Dr. Wexler, is it true that you arrived at genetics by a rather unconventional route?

Actually, my only formal education in biology, I confess, is exactly the kind of course for which you're writing this textbook. I went to Radcliffe College as an undergraduate and was required to take introductory biology. It was a wonderful class. That's the extent of my formal biology training. My Ph.D. is actually in clinical psychology.

Then how did you become involved in genetics?

I started with clinical psychology but was always very interested in biology and genetics. My mother had a master's degree in genetics from Columbia University, where I now teach. But I think that I felt (for which I blush) that it was a difficult career for a woman. It was a very stupid feeling. I had a mother who was a geneticist and a father who is a psychoanalyst/clinical psychologist and I chose the psychology route.

Then, in 1968, my father started the Hereditary Disease Foundation, and I began meeting scientists of all disciplines, but particularly geneticists and molecular biologists.
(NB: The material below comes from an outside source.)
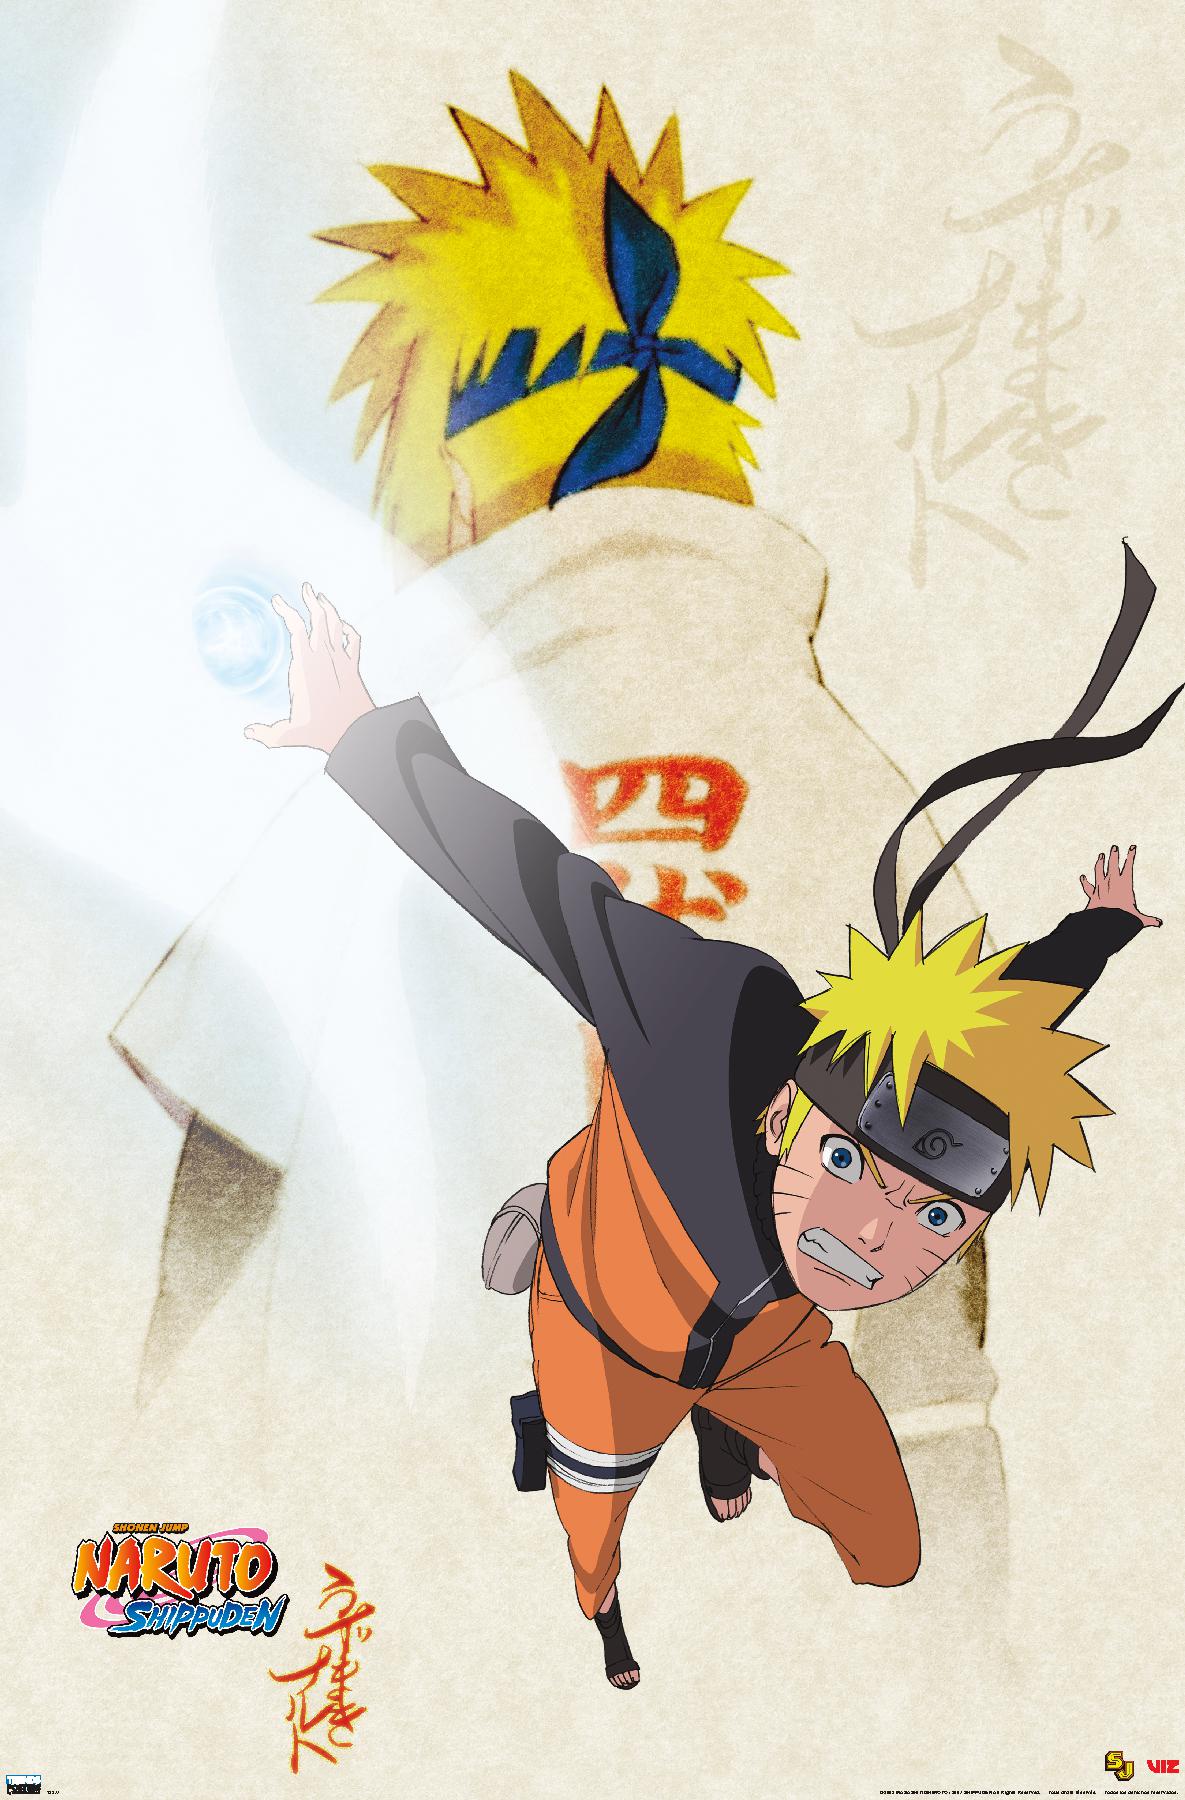 Naruto Wall Poster, 22.375 x 34

These people have really been my teachers since then. They've given me a fantastic education on every napkin you could find in restaurants, bars, and workshops. I also read biology texts and go to lectures to try to learn. I've had great friends who have taught me the subject matter as well as the flavor and excitement of their work. It's been a wonderful education and, of course, no exams. I consider myself, however, still very much a student. I'm definitely still learning.

Would you tell us more about the Hereditary Disease Foundation?
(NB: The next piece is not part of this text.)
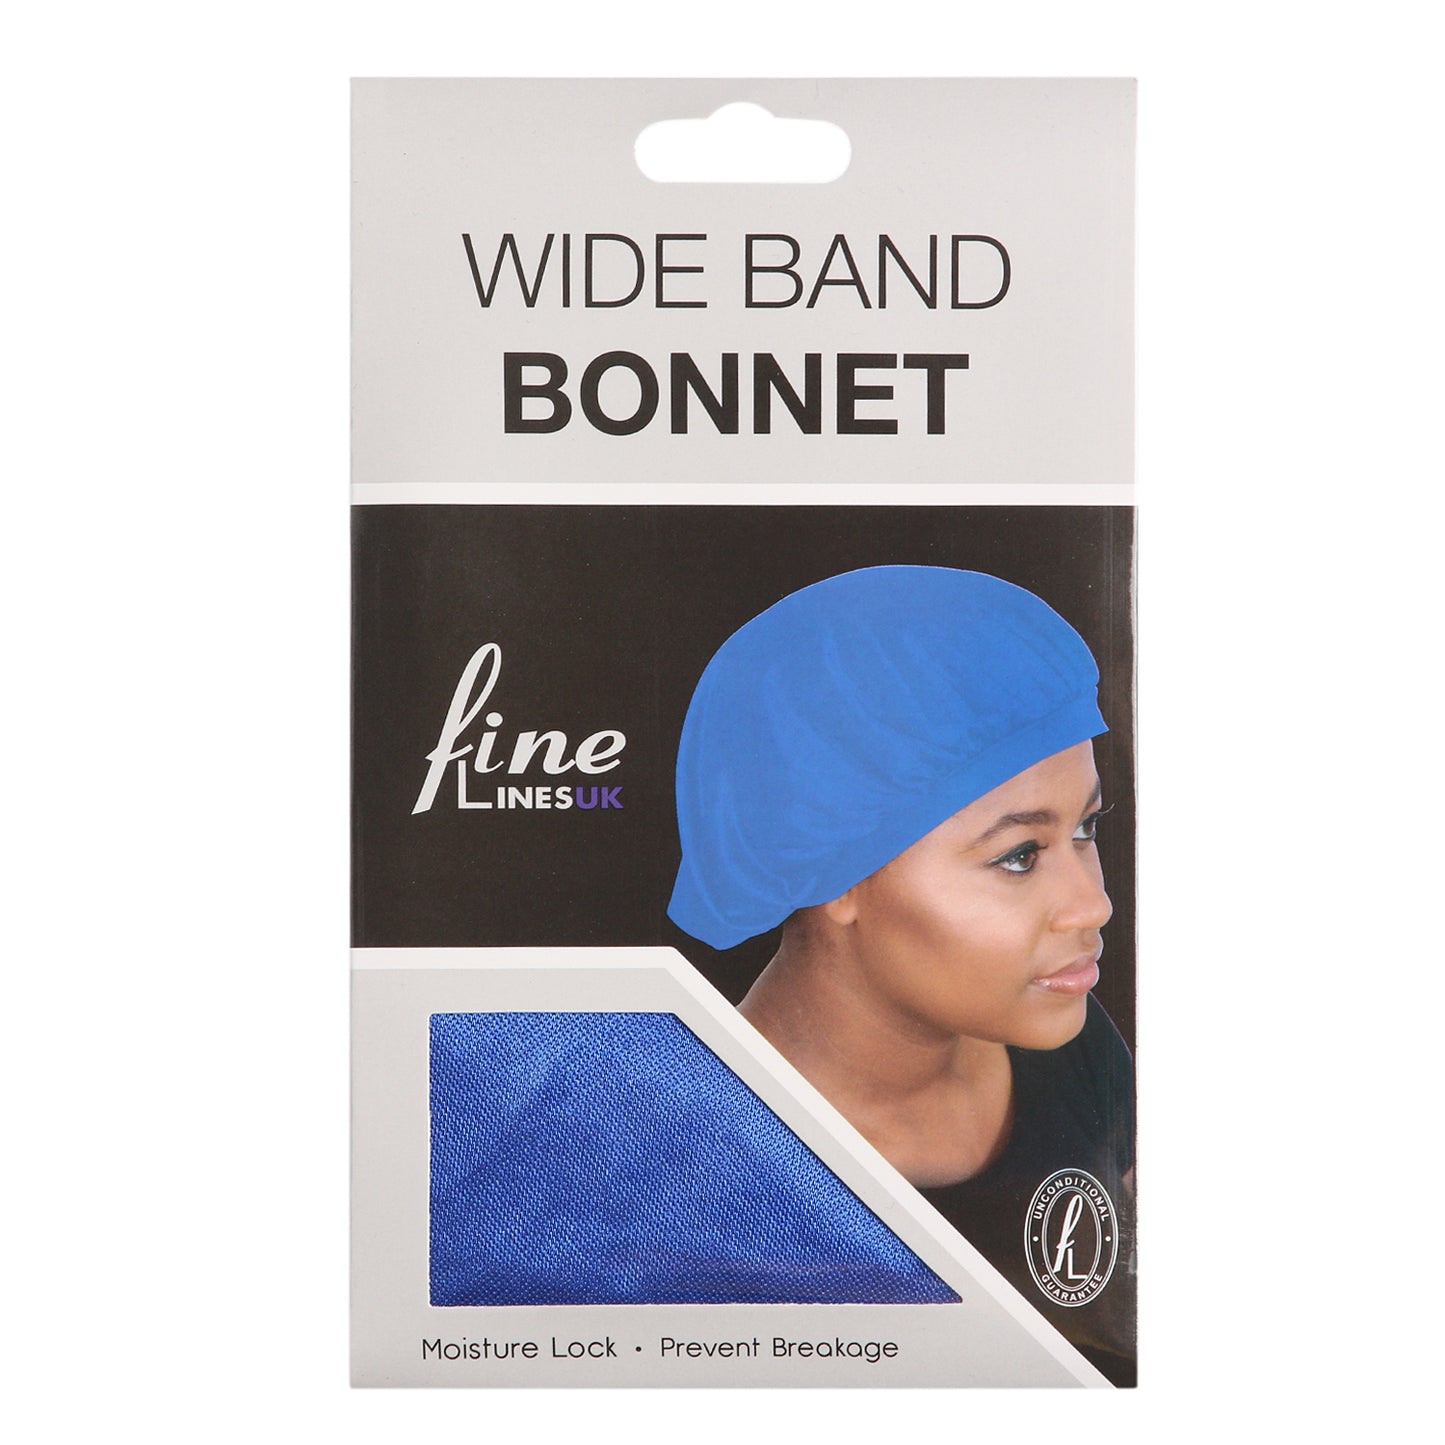 Wide Band Bonnet

My father started the foundation when my mother was diagnosed with Huntington's disease. It was our way of preserving hope. At the Hereditary Disease Foundation we are trying to find a cure not only for Huntington's disease, but for all the hereditary illnesses that afflict people, of which there are many thousands.

The foundation is not for profit. One hundred percent of all public donations goes directly to science. Not only do we fund grants and postdoctoral fellowships, but we also sponsor interdisciplinary workshops that focus on an idea or question, such as, How do genes express themselves in the brain? How do you find a gene? We try to excite people about the questions that surround hereditary diseases. We want them thinking about the fundamental issues of biology in terms of human diseases. If we understand what goes wrong in Huntington's disease, then we can apply this understanding more widely to unraveling other genetic diseases.

These workshops have basic scientists and clinical investigators mixed together, representing all varieties of expertise. We feel it is crucial to show the laboratory scientist what the Huntington's gene looks like in action. To do that, we start every workshop by inviting a patient to meet with the participants, allowing them to really see what a gene can do to a person in all aspects of thinking, feeling, moving, and expressing. The scientists become captivated because the study of genetics is suddenly made more vivid, more than just an intellectual exercise.

These unique workshops are one of the most successful new contributions that the foundation has made to the study of hereditary diseases. From the workshops come suggestions for grants and postdoctoral fellowships, which we fund. In fact, the idea for using DNA markers to find the Huntington's disease gene was born at a Hereditary Disease Foundation workshop.

What exactly is Huntington's disease?

It's an inherited neurological disorder. It is inherited in what's called an autosomal dominant pattern, which means that the abnormal gene will dominate its normal partner. Each child of a parent with the disease, therefore, has a 50-50 chance of inheriting it. This also means that males and females are affected equally. It usually starts somewhere in midlife but it can start as early as the age of 2 or as late as the early 50s. It is a slowly progressive disease. The duration can be anywhere from 10 to 20, sometimes even 25, years. The disease is invariably fatal. Unfortunately, the most damaging changes take place fairly early in the disease so that people lose the capacity to work or head a household. The patient becomes impaired relatively early in the illness but lives for a very long time.

What are the symptoms?

The symptoms affect just about everything that makes you human: how you think, move, and feel. It causes different kinds of uncontrollable, involuntary movements in all parts of the body. It can also cause severe cognitive problems: loss of memory, loss of judgment, loss of the capacity to organize oneself. In almost all standard school tests, patients with Huntington's disease do very poorly. But they do maintain a social intelligence: an awareness of who they are, where they are, their family and friends, and their social setting. The only trauma in this preservation of faculties is that they recognize the loss of their capacities, their ability to do the kinds of simple things that gave them an identity and some sense of satisfaction and self-worth.

The occurrence of depression in people with Huntington's disease is extremely high, partially because of this deterioration that the patient sees happening, but, also, depression seems to be part of the disease itself. Sometimes people will be hospitalized for depression and never know that they have Huntington's in the family. About one in four patients with Huntington's disease makes a serious suicide attempt. On the other hand, patients also will maintain an impressive sense of humor. And, if allowed, they can be quite active and involved.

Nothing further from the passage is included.